==== Records supplied

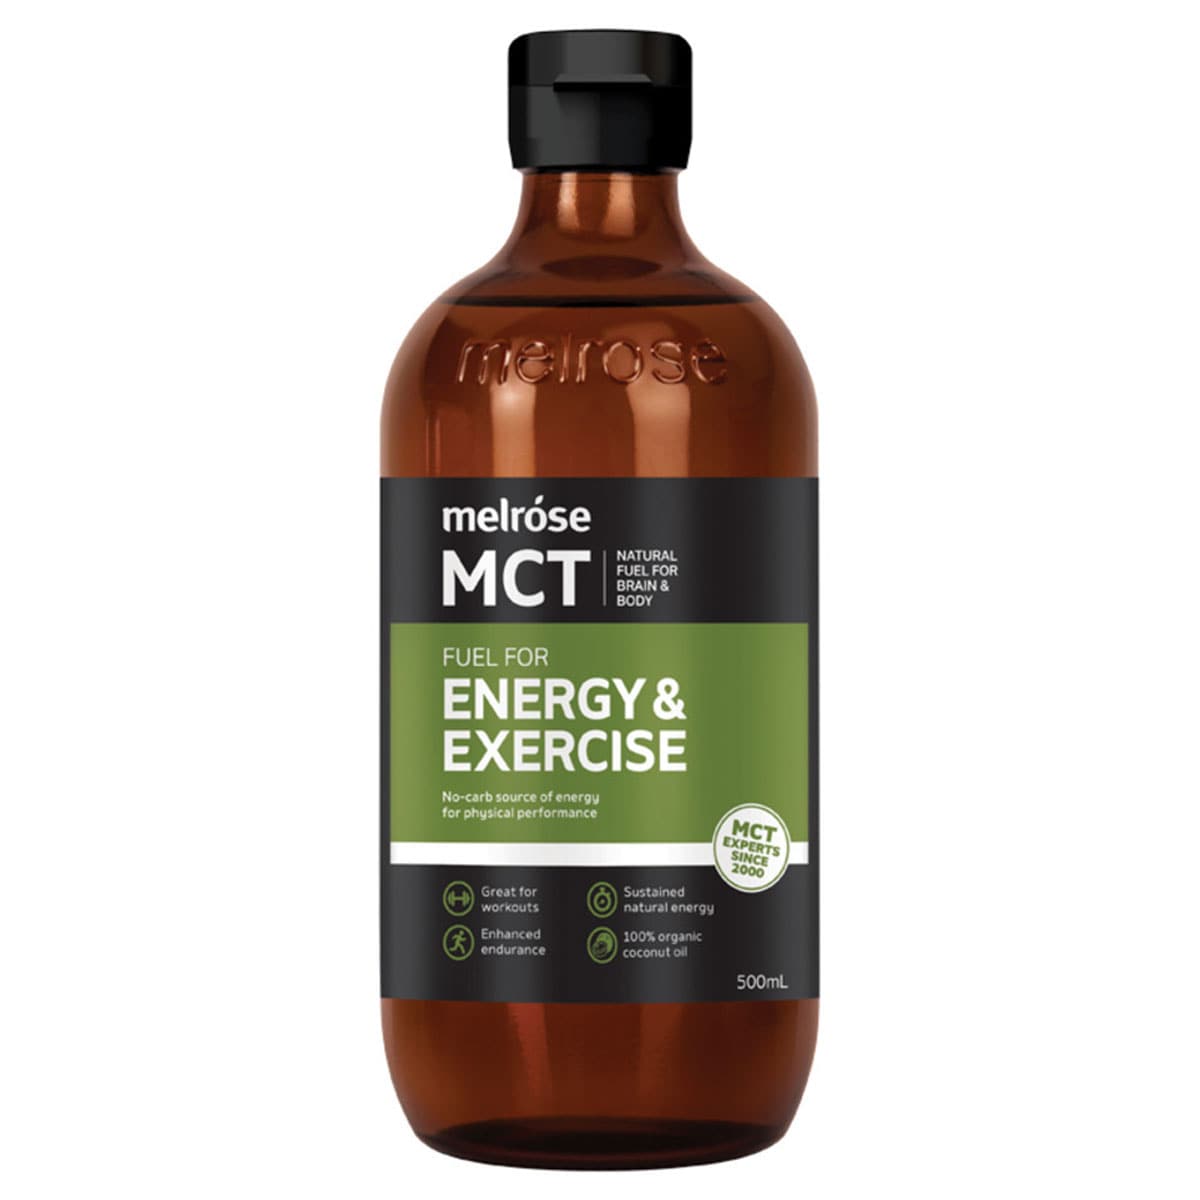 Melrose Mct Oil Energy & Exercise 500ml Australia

========
==== Records supplied

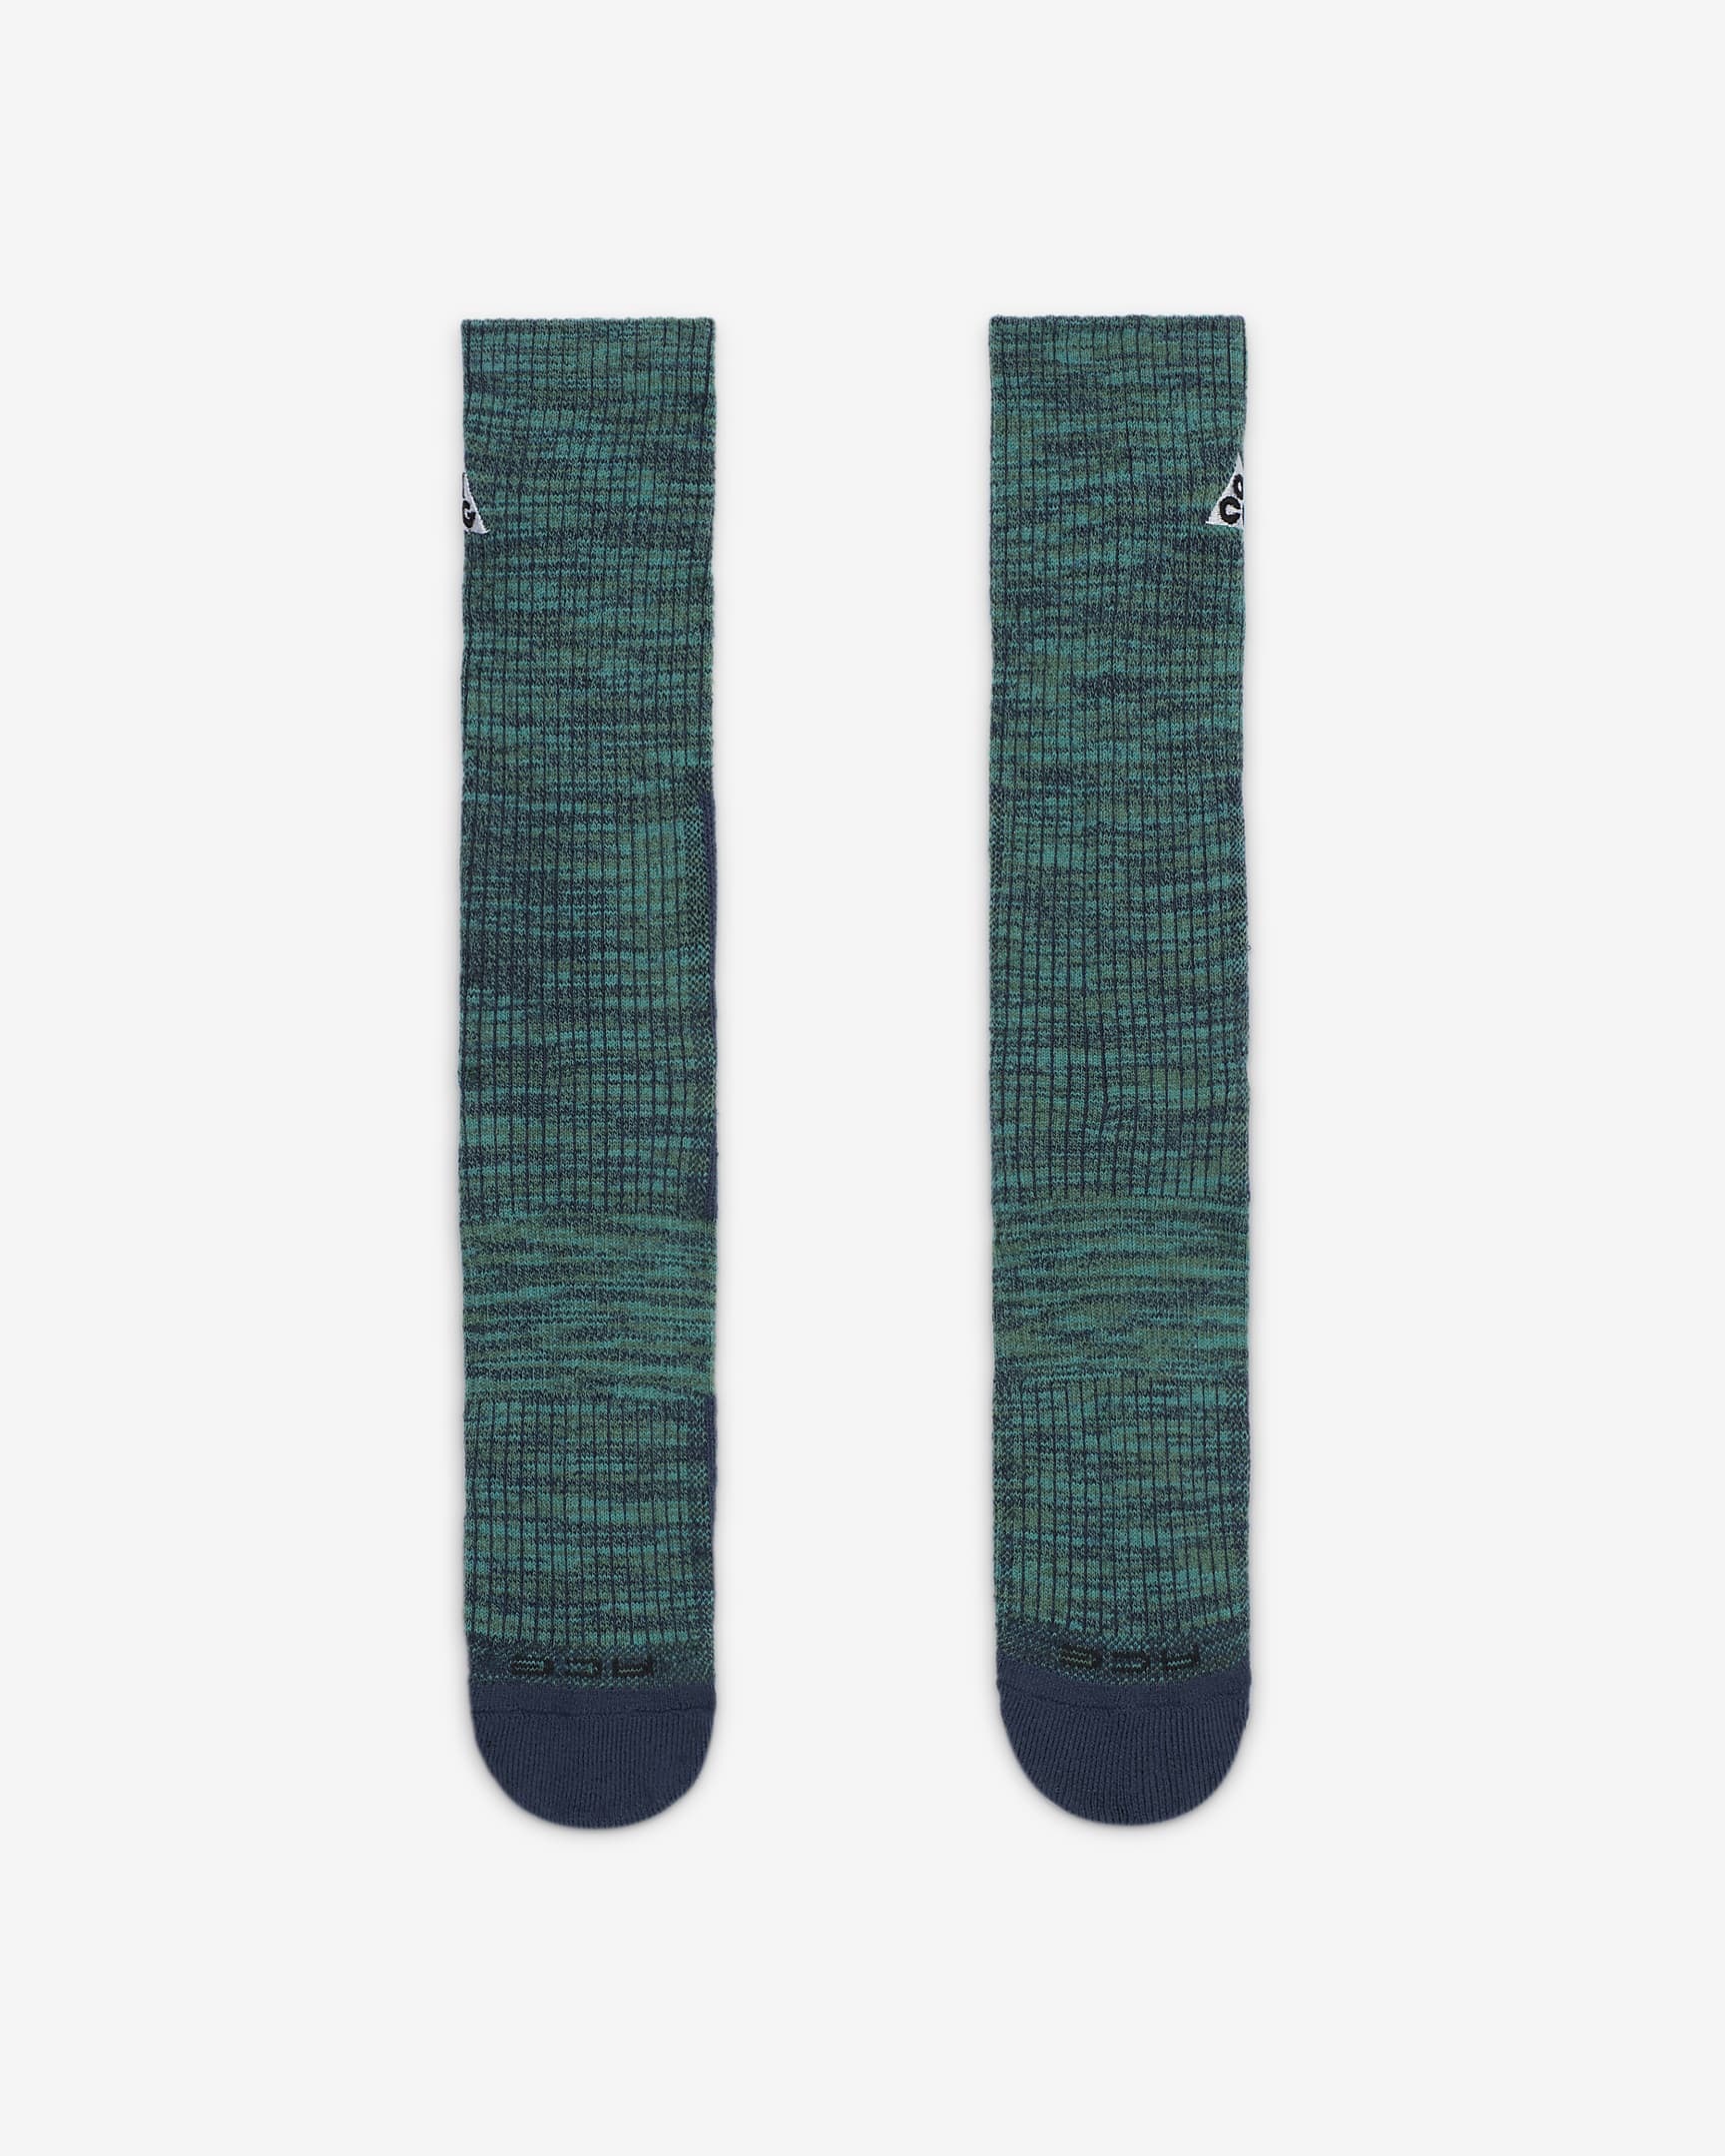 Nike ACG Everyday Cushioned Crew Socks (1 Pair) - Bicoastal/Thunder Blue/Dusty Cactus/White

========
==== Records supplied

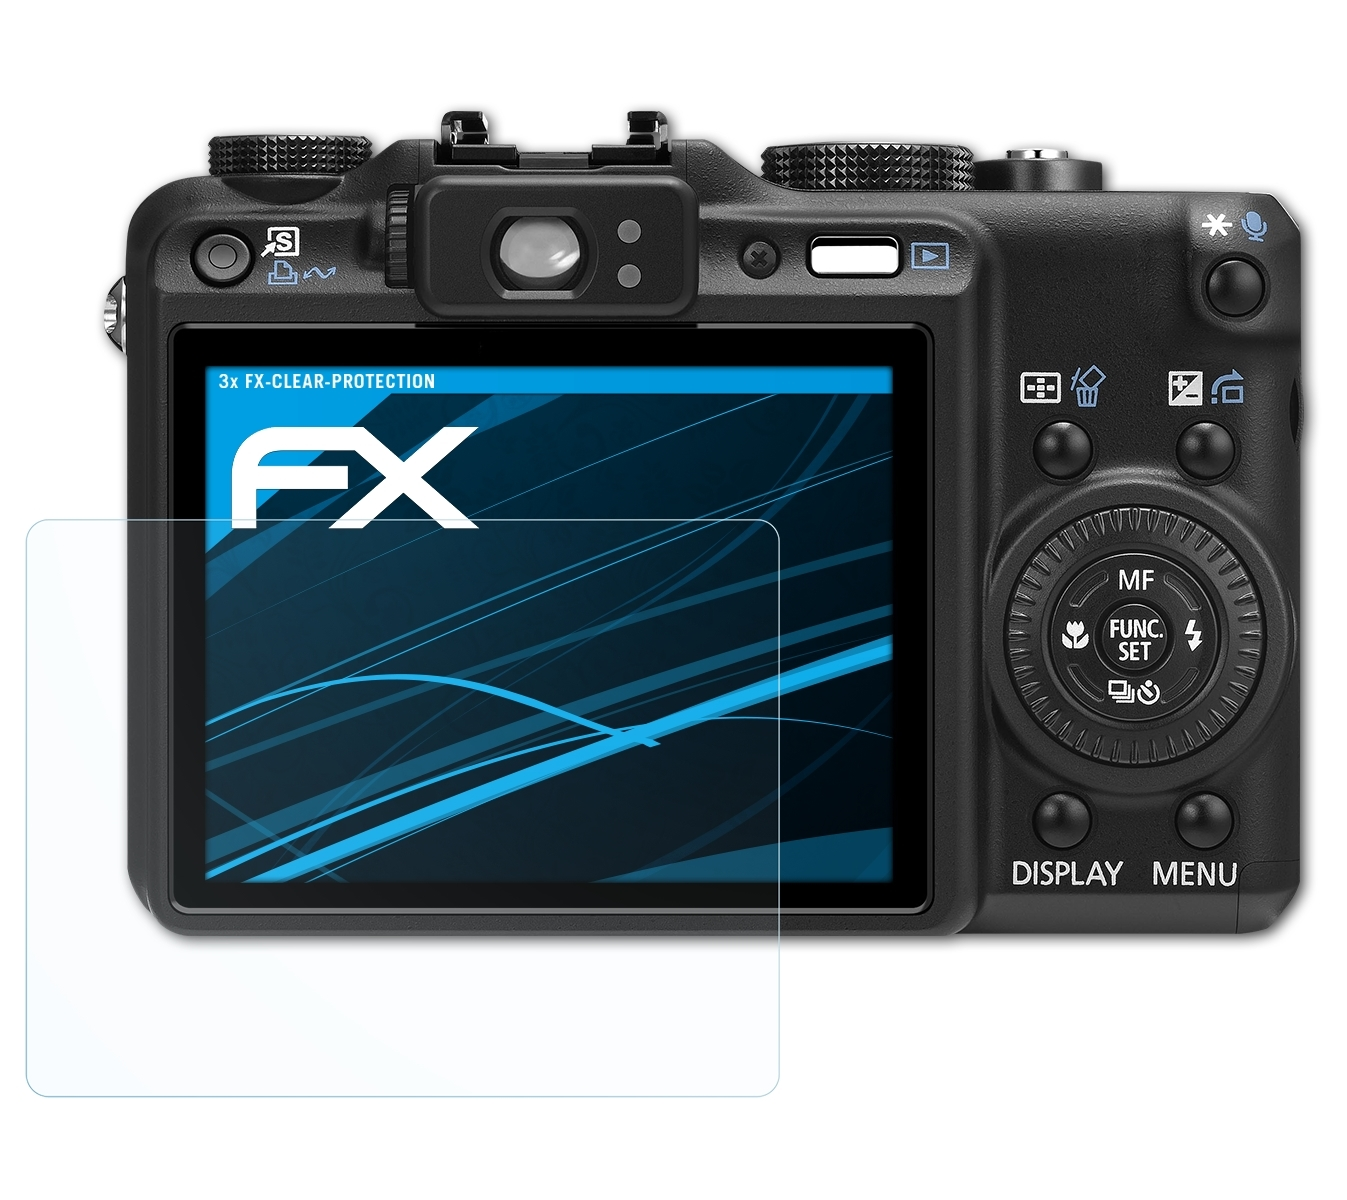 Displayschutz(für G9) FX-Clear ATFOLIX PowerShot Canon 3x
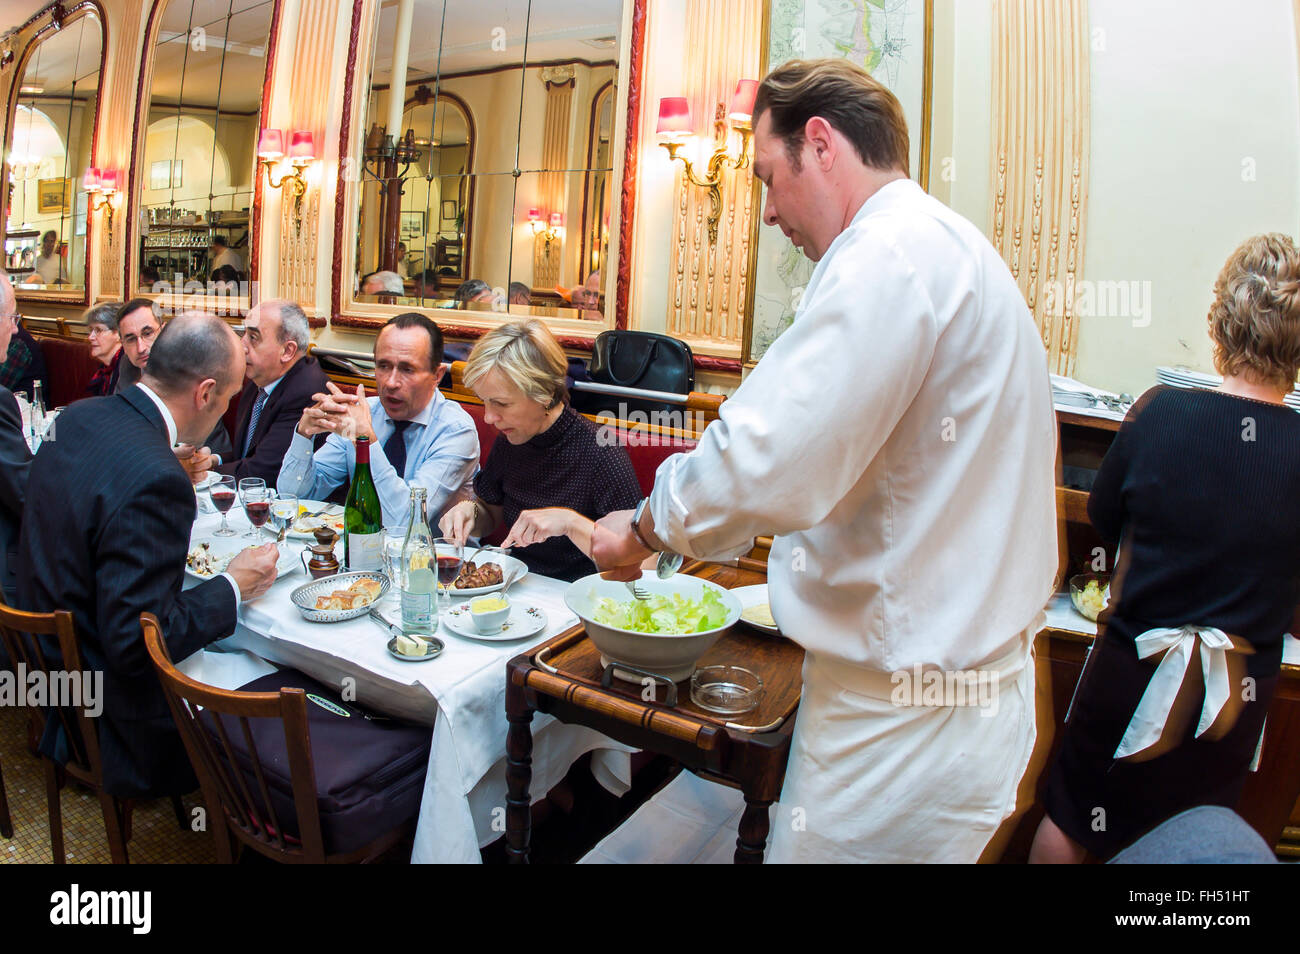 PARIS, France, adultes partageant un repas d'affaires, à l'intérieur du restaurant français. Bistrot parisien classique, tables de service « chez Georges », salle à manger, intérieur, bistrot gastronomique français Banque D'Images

========

Would you copy the lines above exactly, starting with the one that has "Displayschutz(für G9) FX-Clear" and ending with the one that has "PARIS, France, adultes", both included, without the pictures?

 Displayschutz(für G9) FX-Clear ATFOLIX PowerShot Canon 3x
 PARIS, France, adultes partageant un repas d'affaires, à l'intérieur du restaurant français. Bistrot parisien classique, tables de service « chez Georges », salle à manger, intérieur, bistrot gastronomique français Banque D'Images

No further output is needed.